2.2.3. Sleep conditions
Sleep conditions during the epidemic of COVID-19 were surveyed, including time of going to bed, difficulty in falling sleep, sleep duration at night, and subjective sleep quality. Time of going to bed was differentiated in triple situations: before 00:00, after 00:00, and at a random time. The frequency of difficulty in falling sleep was assessed with the response options “never,” “less than once a week”, “once or twice a week”, and “three to five times a week”. Here, women selected the latter two options were considered with difficulty in falling sleep. Sleep duration was represented by the total sleep time in average, which was divided into three groups: short (<7 hours), moderate (7~9 hours), and long (>9 hours) duration. Women then self-rated their sleep quality with “good”, “ordinary”, and “poor” level.
2.2.4. Anxiety and depression symptom measures
Anxious symptom among pregnant women was detected by the Self-Rating Anxiety Scale (SAS).
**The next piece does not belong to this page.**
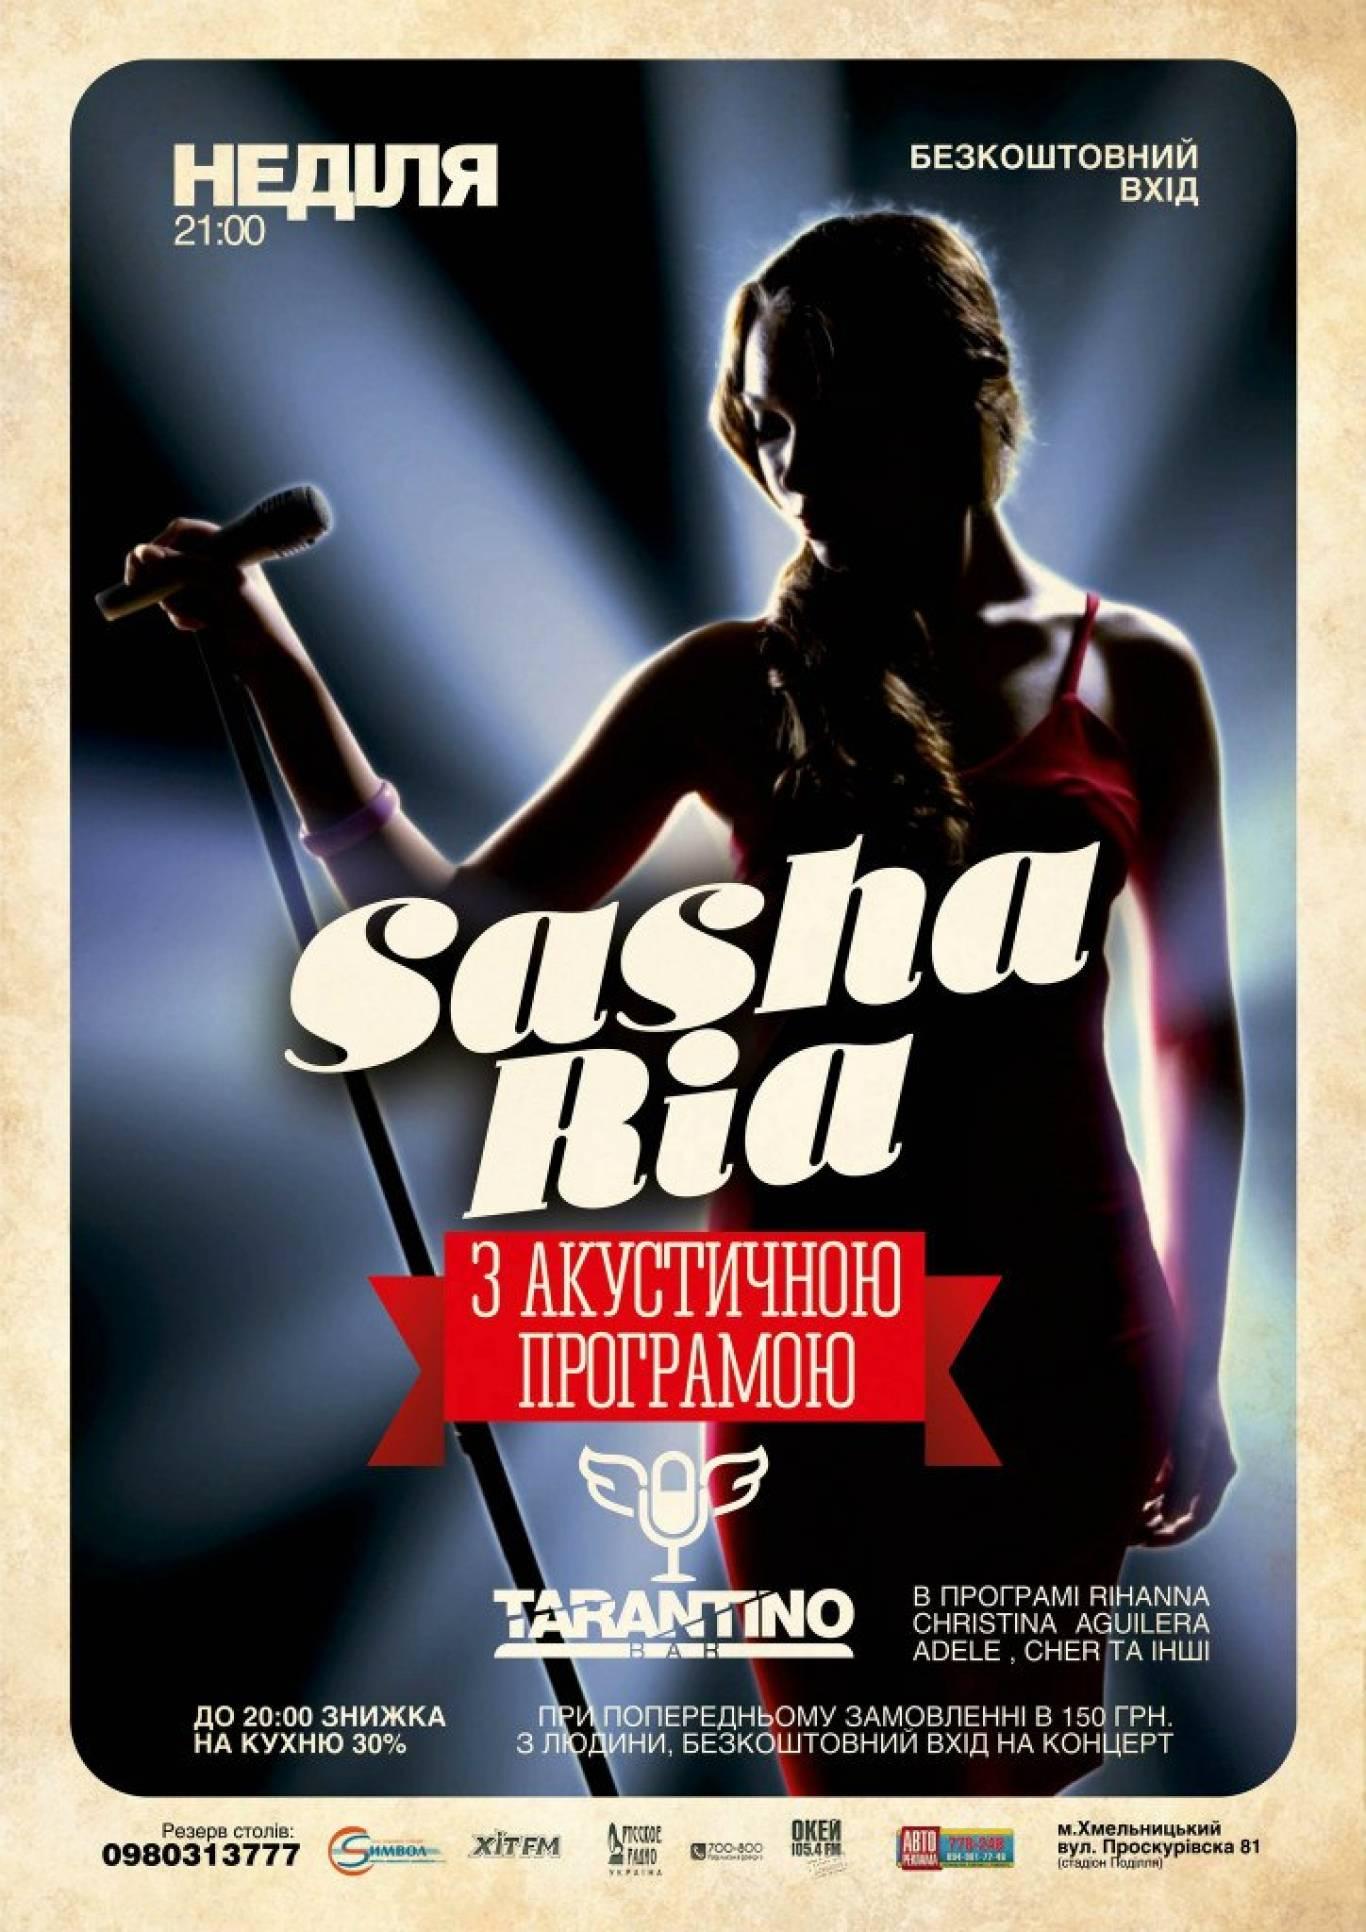 Sasha Ria

The SAS has been applied in Chinese populations in numerous studies, performing good validity and acceptable reliability (Kang et al., 2016; Ma et al., 2019). The Cronbach's α of SAS in the current study was 0.756. It composed of 20 items with 4-point options (range: 1=never, 2=sometimes, 3=often, 4=very often) to capture symptoms of anxiety. Women would gain an original score (ranged from 20 to 80) by aggregating individual scores of 20 items, and multiply by 1.25 to calculate a standard score. A cut-off standard score of 50 or higher was recommended to identify anxious symptom, with higher scores suggesting more severe levels of anxiety. Different levels of anxiety were illustrated with distinct standard scores: mild (50~59), moderate (60~69), and severe (≥70).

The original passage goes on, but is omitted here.